Reversible large-scale modification of cortical networks during neuroprosthetic control

Abstract

Brain-machine interfaces (BMIs) provide a framework for studying cortical dynamics and the neural correlates of learning. Neuroprosthetic control has been associated with tuning changes in specific neurons directly projecting to the BMI (hereafter referred to as direct neurons). However, little is known about the larger network dynamics. By monitoring ensembles of neurons that were either causally linked to BMI control or indirectly involved, we found that proficient neuroprosthetic control is associated with large-scale modifications to the cortical network in macaque monkeys. Specifically, there were changes in the preferred direction of both direct and indirect neurons. Notably, with learning, there was a relative decrease in the net modulation of indirect neural activity in comparison with direct activity. These widespread differential changes in the direct and indirect population activity were markedly stable from one day to the next and readily coexisted with the long-standing cortical network for upper limb control. Thus, the process of learning BMI control is associated with differential modification of neural populations based on their specific relation to movement control.

Fig. 1. Modification of neural firing properties during brain control

a. For each daily session, subjects were required to serially perform a delayed center-out task in manual control (MC₁), brain control and then manual control (MC₂). In the brain control task shown, visual guides (i.e. lines shown in red) enforced straight trajectories. Trials were started by the animal physically moving to the center target. After a hold period, brain control (i.e. absence of any movements) was initiated. b. Changes in the preferred direction of a direct neuron. Solid lines are the cosine fit (R² is the percent of variance accounted for by the fit). Circles and bars (s.e.m.) show the directional modulation of the firing rate. Panels on the right show the waveform, crosscorrelograms (0.1% of spikes in a window < 1.5 ms) and the mean trajectories during manual control and brain control. Statistics performed with boostrap analysis. c. Changes in the preferred direction of indirect neurons. The directional modulation relationships are arranged similarly to b. Insets show waveforms of the respective indirect neurons.

Fig. 2. Differential modulation of neuronal populations during brain control

a. Distribution of shifts in preferred directions (ΔPD) between manual control and brain control. Each bar shows the number of neurons (i.e. ‘counts’) with a corresponding ΔPD. The labels above indicate the mean ΔPD for each population. Superimposed in gray is the bootstrap distribution. b. Distribution of changes in modulation depth ratio (MD_ratio) for BC:MC for the three neural populations. This panel is arranged similarly to a. c. Ratio of relative modulation depths. To compare multiple experiments and experimental conditions, we normalized each session to the mean MD_ratio for direct neurons. ‘Early’ and ‘Late’ represent brain control sessions respectively from days #1–2 and day ≥ 3 of training. MC₁:MC₂ is the ratio of modulation depths of the manual control sessions before and after brain control. Error bars show s.e.m.

Fig. 3. Stability of neural properties

a. Average directional modulation relationship during MC₁ (black) and MC₂ (gray) for three neurons. Neuron in lower panel experienced a significant change (bootstrap analysis, p<0.05). Error bars shown s.e.m. b. Actual (solid bars) and bootstrap (orange, mean ± std shown) distributions of changes in preferred direction during MC₁ and MC₂. All three neural populations were combined as they behaved similarly. c. Distributions of modulation depth changes. Arranged as in b.

Fig. 4. Stability of state-dependent changes in neural properties during a session

a.

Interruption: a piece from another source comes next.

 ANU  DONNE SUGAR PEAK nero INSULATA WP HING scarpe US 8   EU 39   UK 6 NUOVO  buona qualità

Traces show the preferred direction and modulation depth for a moving window of trials (window of 16 trials) for a direct unit. Each segment is color coded and labeled (MC₁, brain control or BC, MC₂). b. Average of multiple direct units from both animals. To illustrate the time course at the population level, the respective mean MC₁ value was subtracted from each individual trace and the absolute value was used for the average. n=number of units included in the average. Each plot shows the mean (thick line) ± 2 s.e.m. (thin line). c,d. Individual example and average responses of indirect units. Arranged as in a,b.

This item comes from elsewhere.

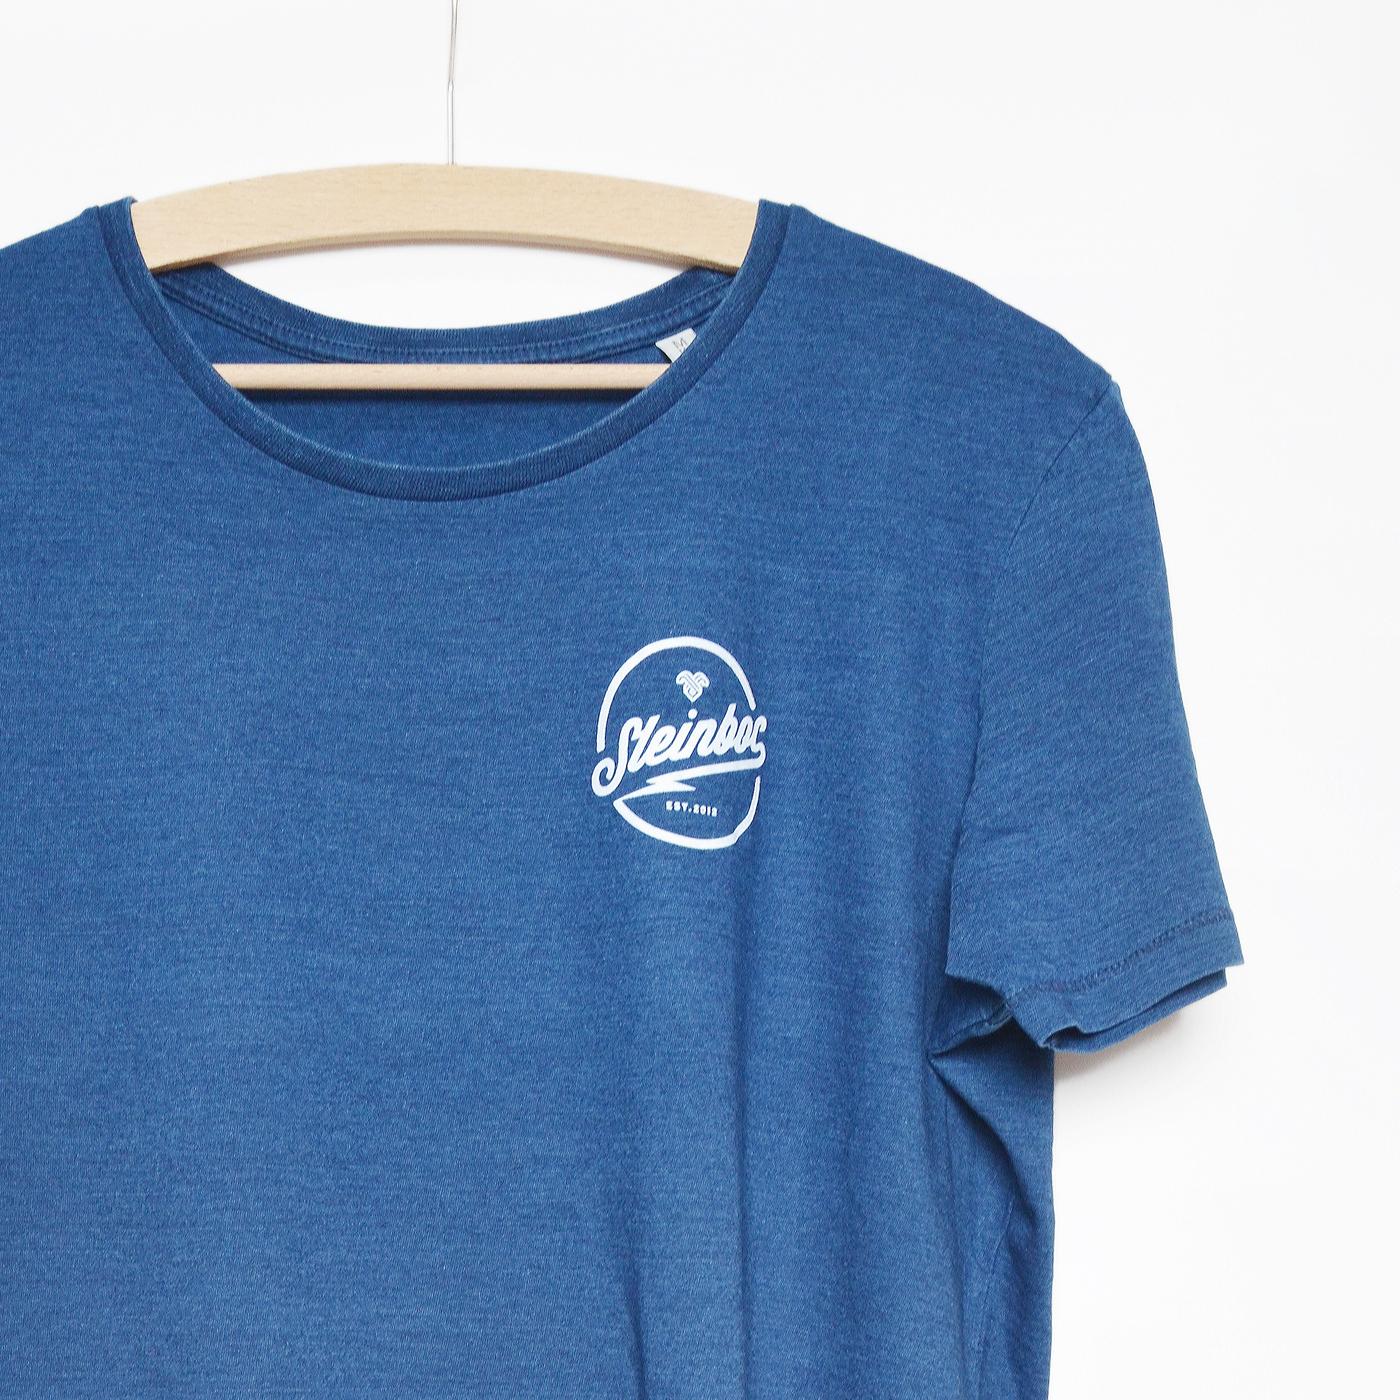 Jersey-Shirt-Steinboc_detail_quadrat_hp

Fig. 5. Stability of neural properties across consecutive days of brain control

a. Average directional modulation relationship for a direct and near unit during manual control and brain control on two consecutive days. Partial lines above each tuning curve represent the respective preferred direction for each daily brain control (PD_BC) and manual control (PD_mC) session. Shaded region is the respective variance of the bootstrap distributions of PD_BC and PD_MC. Waveforms and interspike interval distributions from a direct (red) and near (blue) unit on consecutive days are also shown. b. Directional modulation of a far unit on two consecutive days. PD_BC could not be estimated because of a lack of modulation. c. Population distribution of preferred direction changes for indirect and direct neurons (PD_BC3–PD_BC4). For indirect units, the actual (grey bars) and bootstrap (black line) distributions are shown. The dark red line is the bootstrap distribution for direct units. Gray vertical line represents a ΔPD of 0.